Optimized Version: 3,660 Tokens/seconds

This demonstrates that Neural Nova effectively bypasses the performance bottlenecks typically encountered when scaling models within high-level training frameworks, providing a direct path to faster iteration cycles for fine-tuning workloads.

We additionally evaluate Neural Nova’s effectiveness in multi-GPU fine-tuning scenarios. Specifically, we fine-tune the Qwen 3 32B model using four GPUs, holding the dataset and training framework constant via LLaMA Factory.

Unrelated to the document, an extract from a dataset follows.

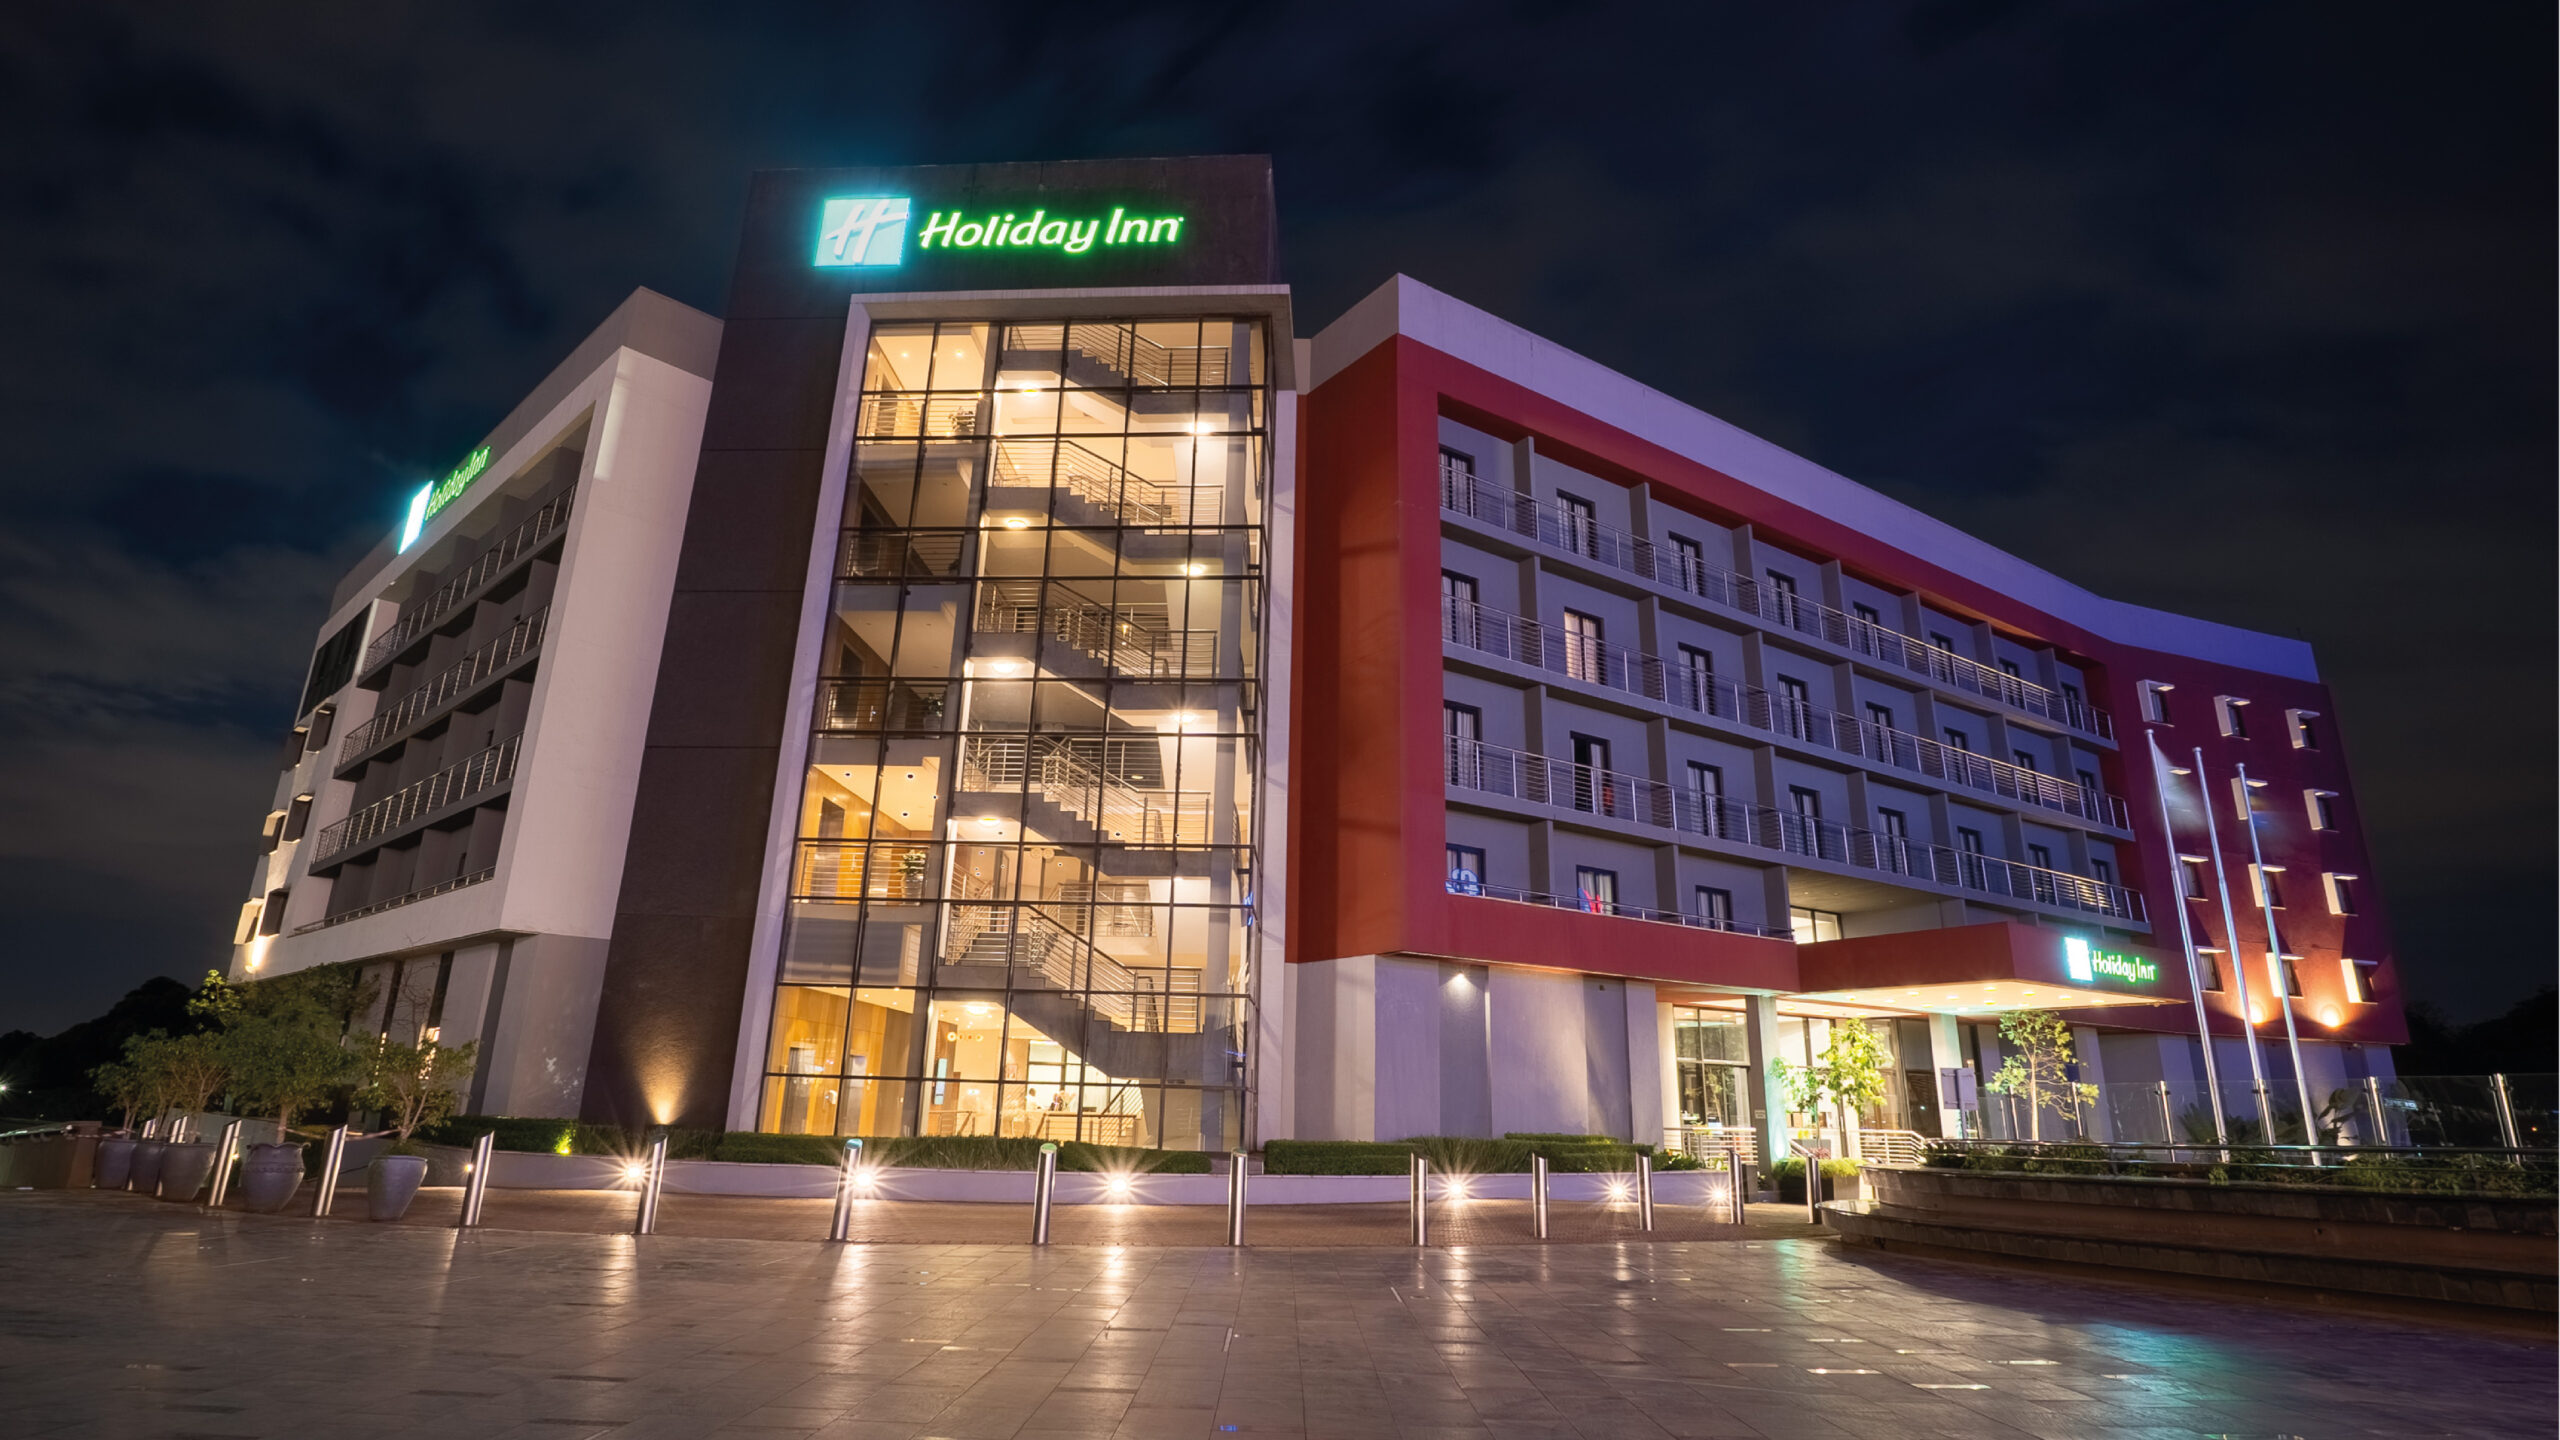 Read more about the article InterContinental Hotels Group (IHG) partners with Msafiri Limited to open Holiday Inn and Crowne Plaza hotels across African markets

Through this controlled setup, we measure throughput before and after applying Neural Nova’s optimization stack. The observed fine-tuning throughput is summarized below:

Baseline: 384 Tokens/seconds 

Optimized Version: 336 Tokens/seconds

These results demonstrate that Neural Nova maintains effective performance characteristics in multi-GPU configurations. The Nova AI Engine systematically optimizes execution behavior in distributed settings, validating its applicability beyond single-GPU fine-tuning and into scaled training workloads.

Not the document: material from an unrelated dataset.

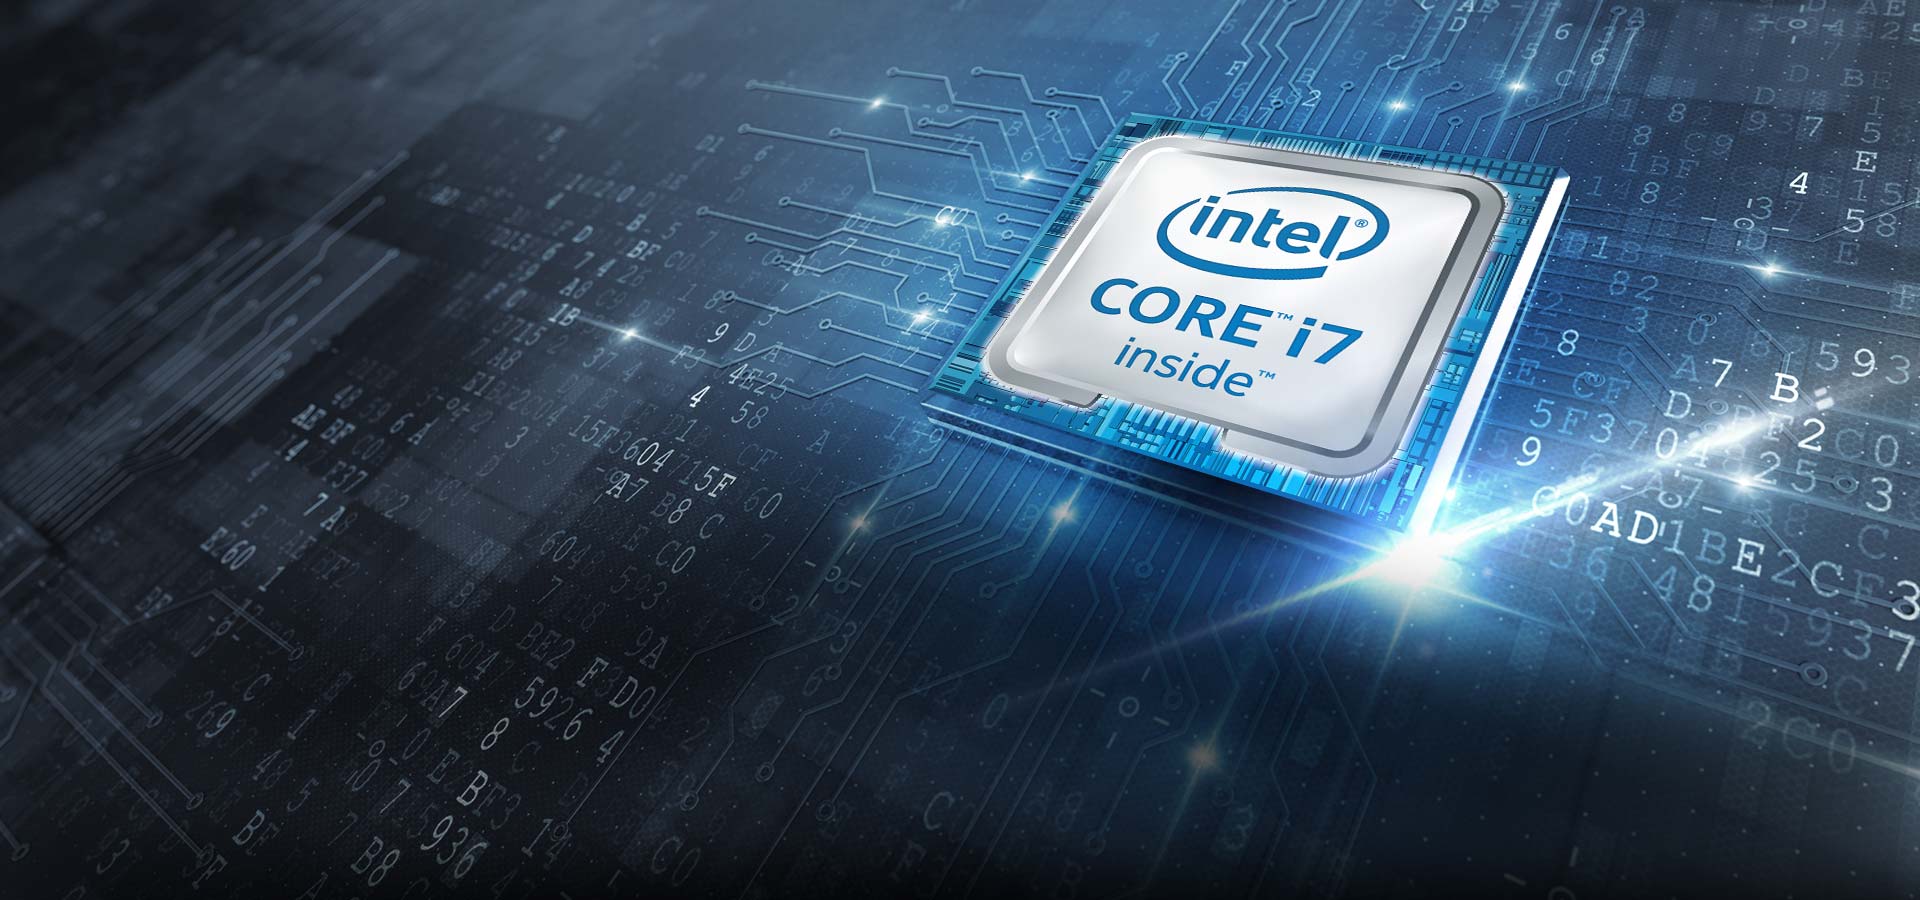 Intel Core I7 Wallpapers Top Free Intel Core I7 Backgrounds Wallpaperaccess

Next we investigate the accuracy of the QWEN3 models to perform mathematics and programming tests.

Overall, this blog demonstrates how Neural Nova delivers substantial end-to-end performance gains by systematically optimizing model execution at the operator level without altering model architecture, training logic, or numerical semantics. Using the Qwen-3 4B model fine-tuned on a single NVIDIA H100 GPU, Neural Nova automatically identifies performance-critical operators and generates hardware-efficient CUDA kernels for RMSNorm, Rotate Half, and SiLU. These optimized kernels outperform both native PyTorch and torch.compile while maintaining numerical correctness and identical power draw. When integrated into the full training pipeline, the optimizations translate into a 5.5× increase in fine-tuning throughput (21,343 vs. 3,858 tokens/sec) with no loss in evaluation accuracy, demonstrating that operator-level optimization can unlock real-world training speedups beyond the reach of graph-level compilers for memory- and synchronization-bound workloads.